Data:
• • • • •

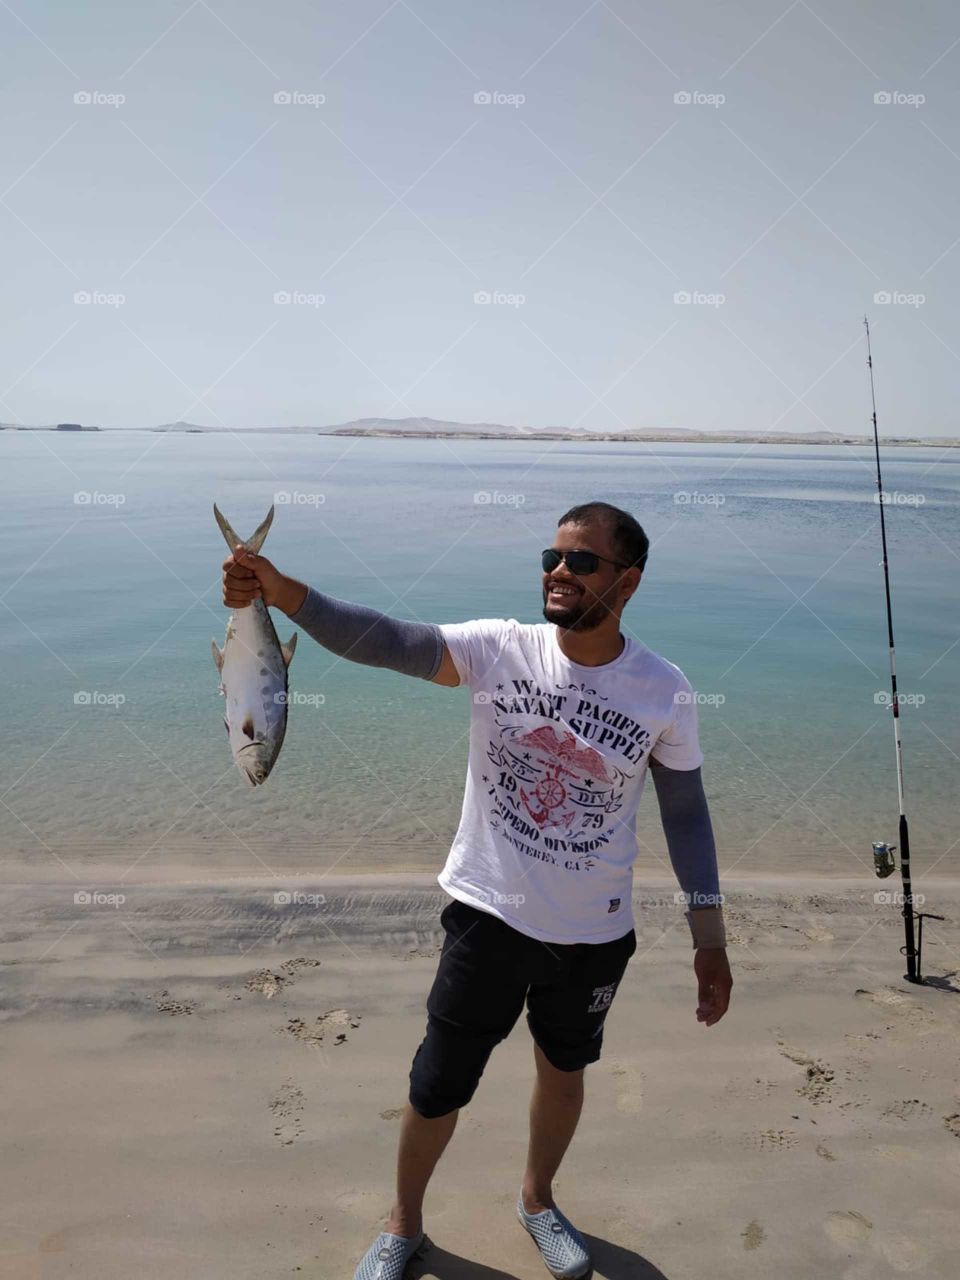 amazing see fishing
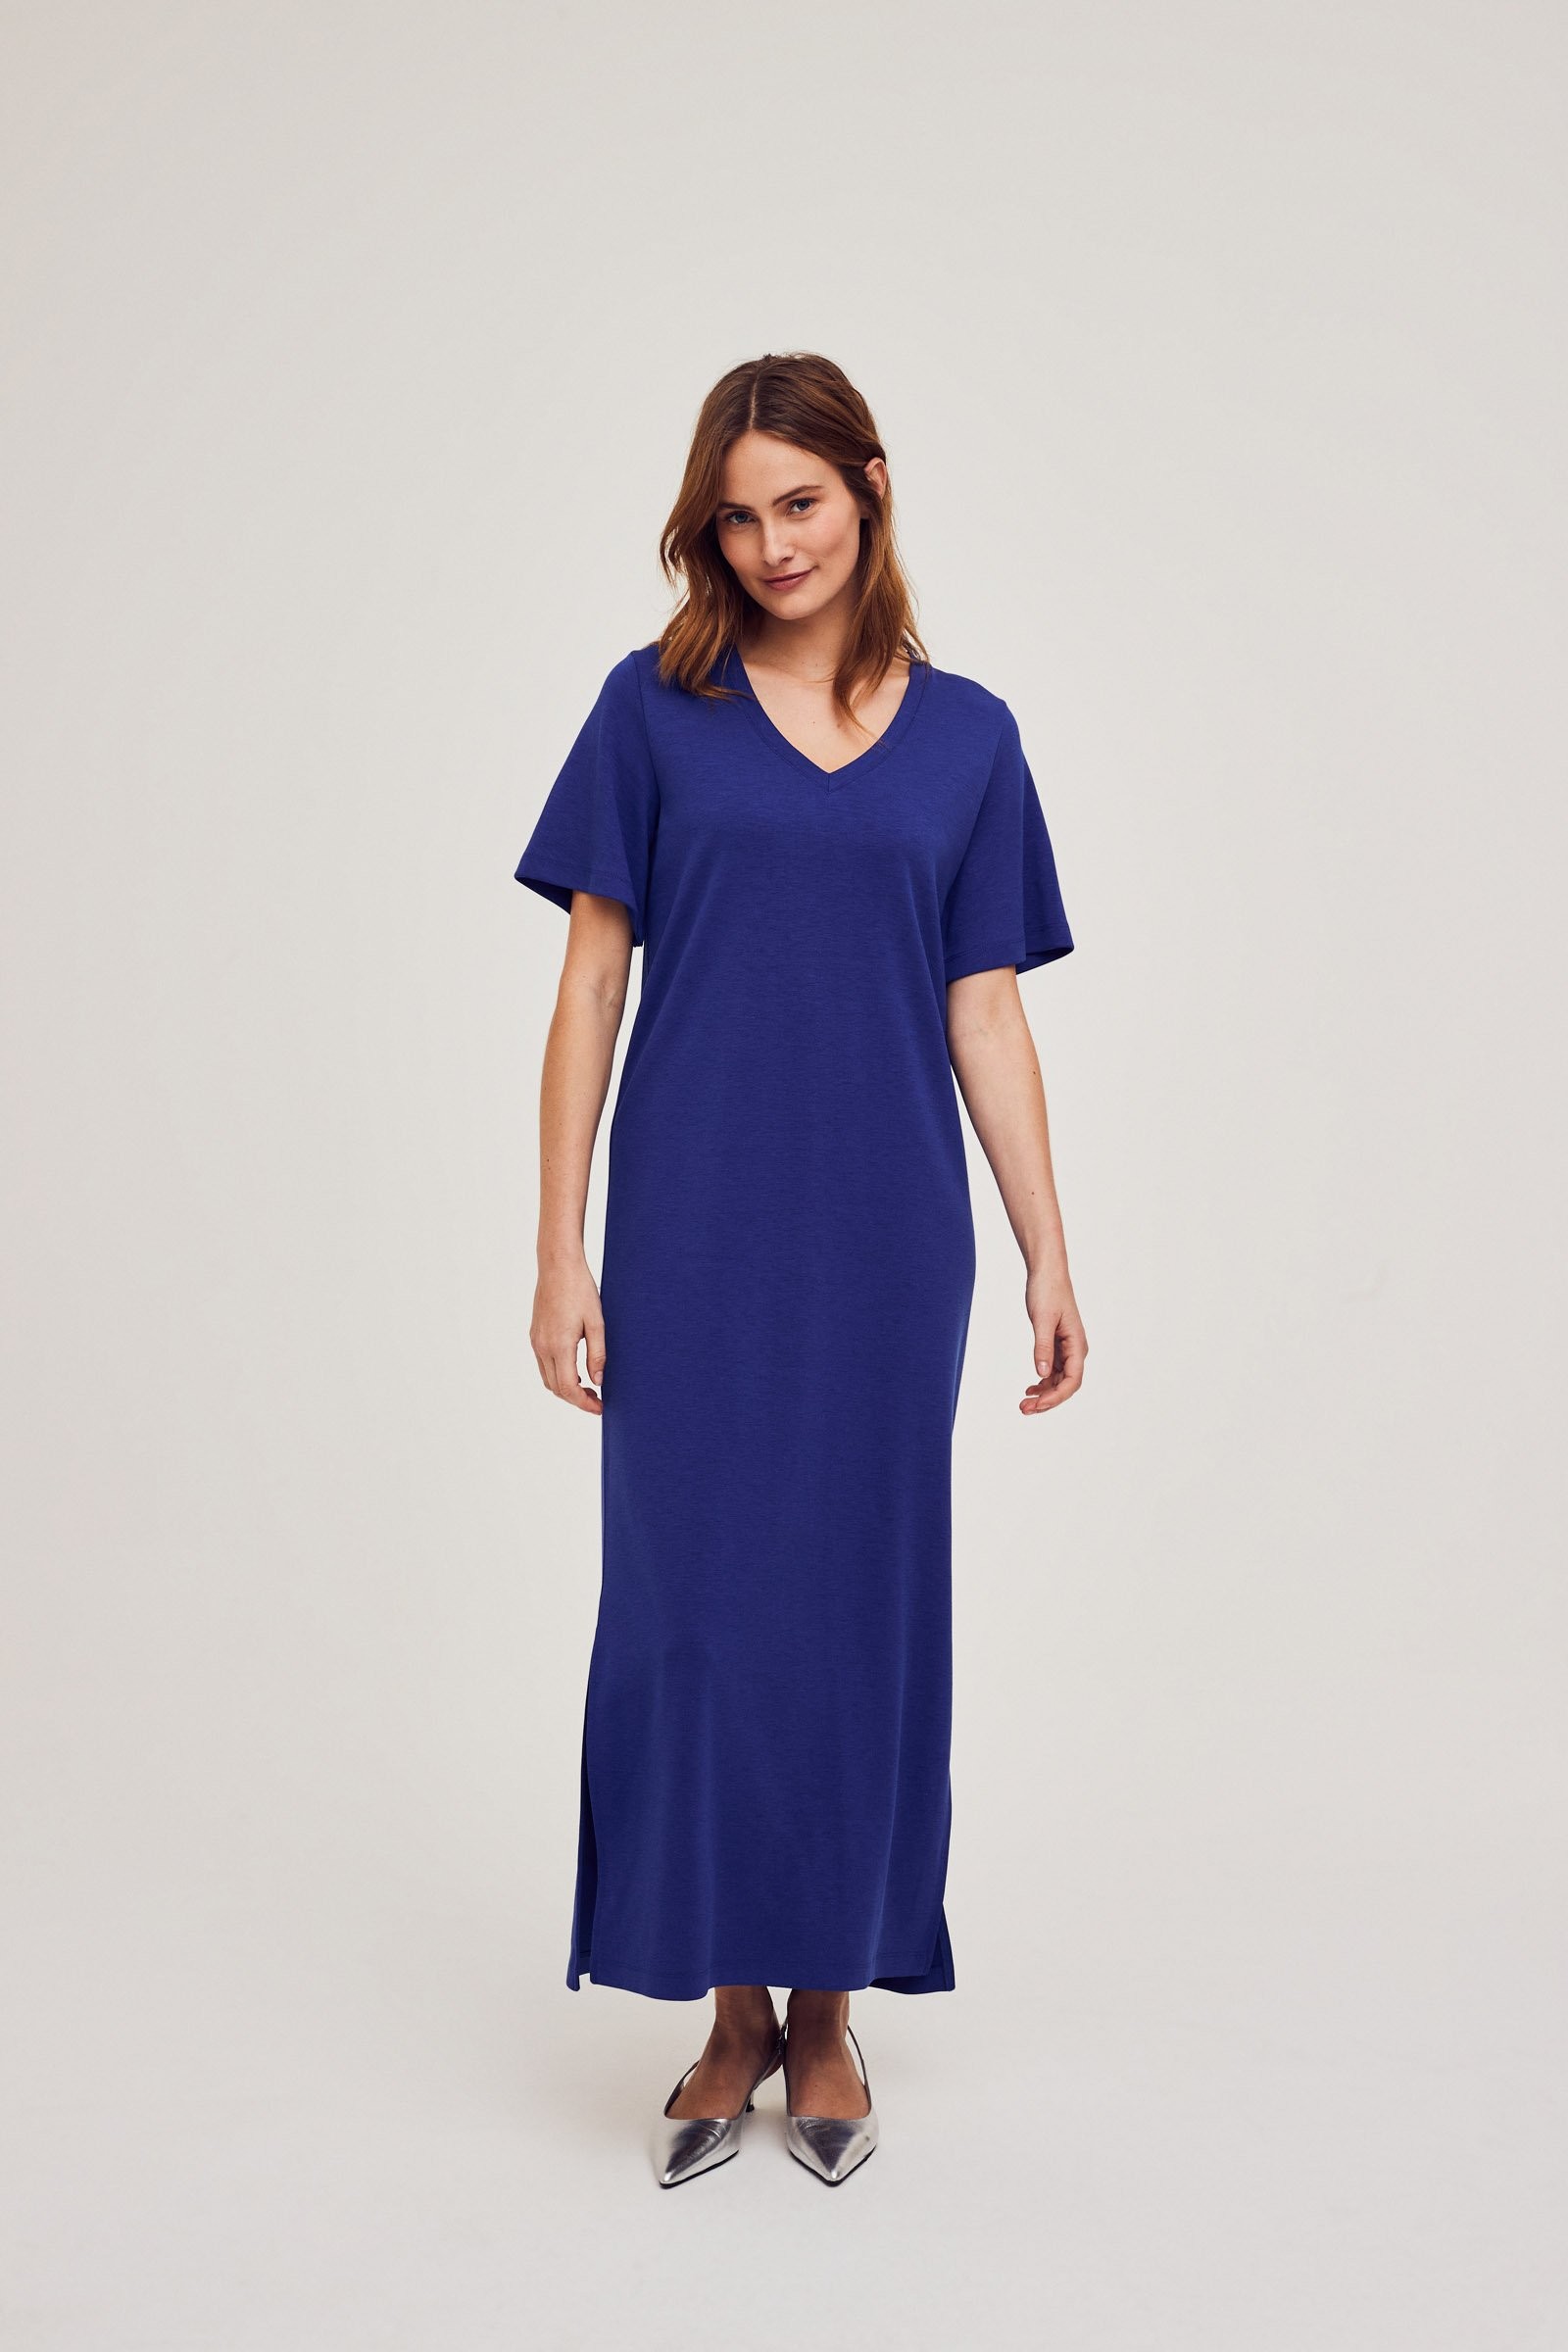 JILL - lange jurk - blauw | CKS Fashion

• • • • •

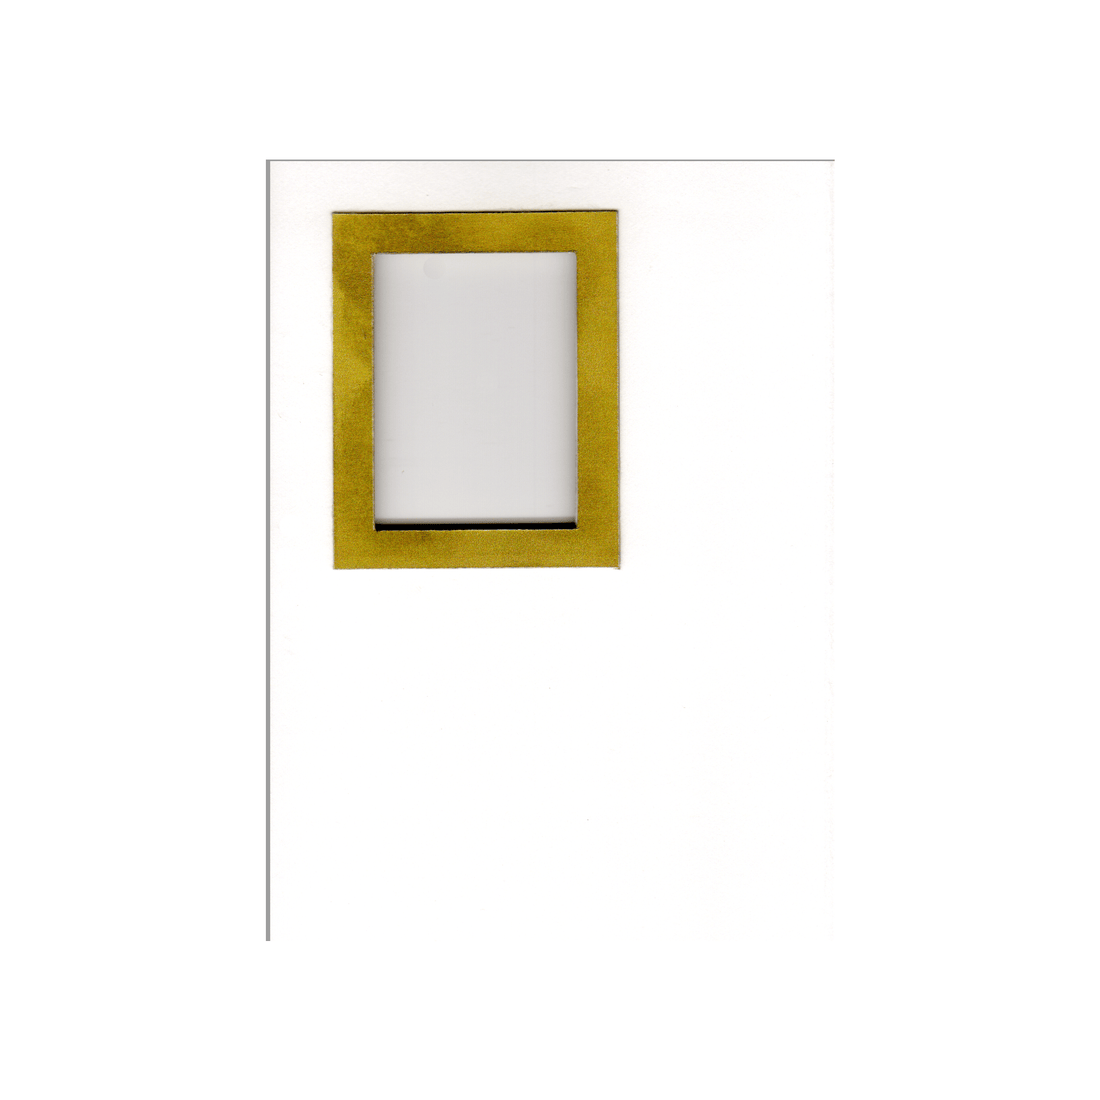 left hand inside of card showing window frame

• • • • •

What is needed: Of the lines above, quote exactly those from the one with "amazing see fishing" through the one with "JILL - lange jurk - blauw | CKS Fashion", ends included; pictures stay out.

Exercise output:
 amazing see fishing
 JILL - lange jurk - blauw | CKS Fashion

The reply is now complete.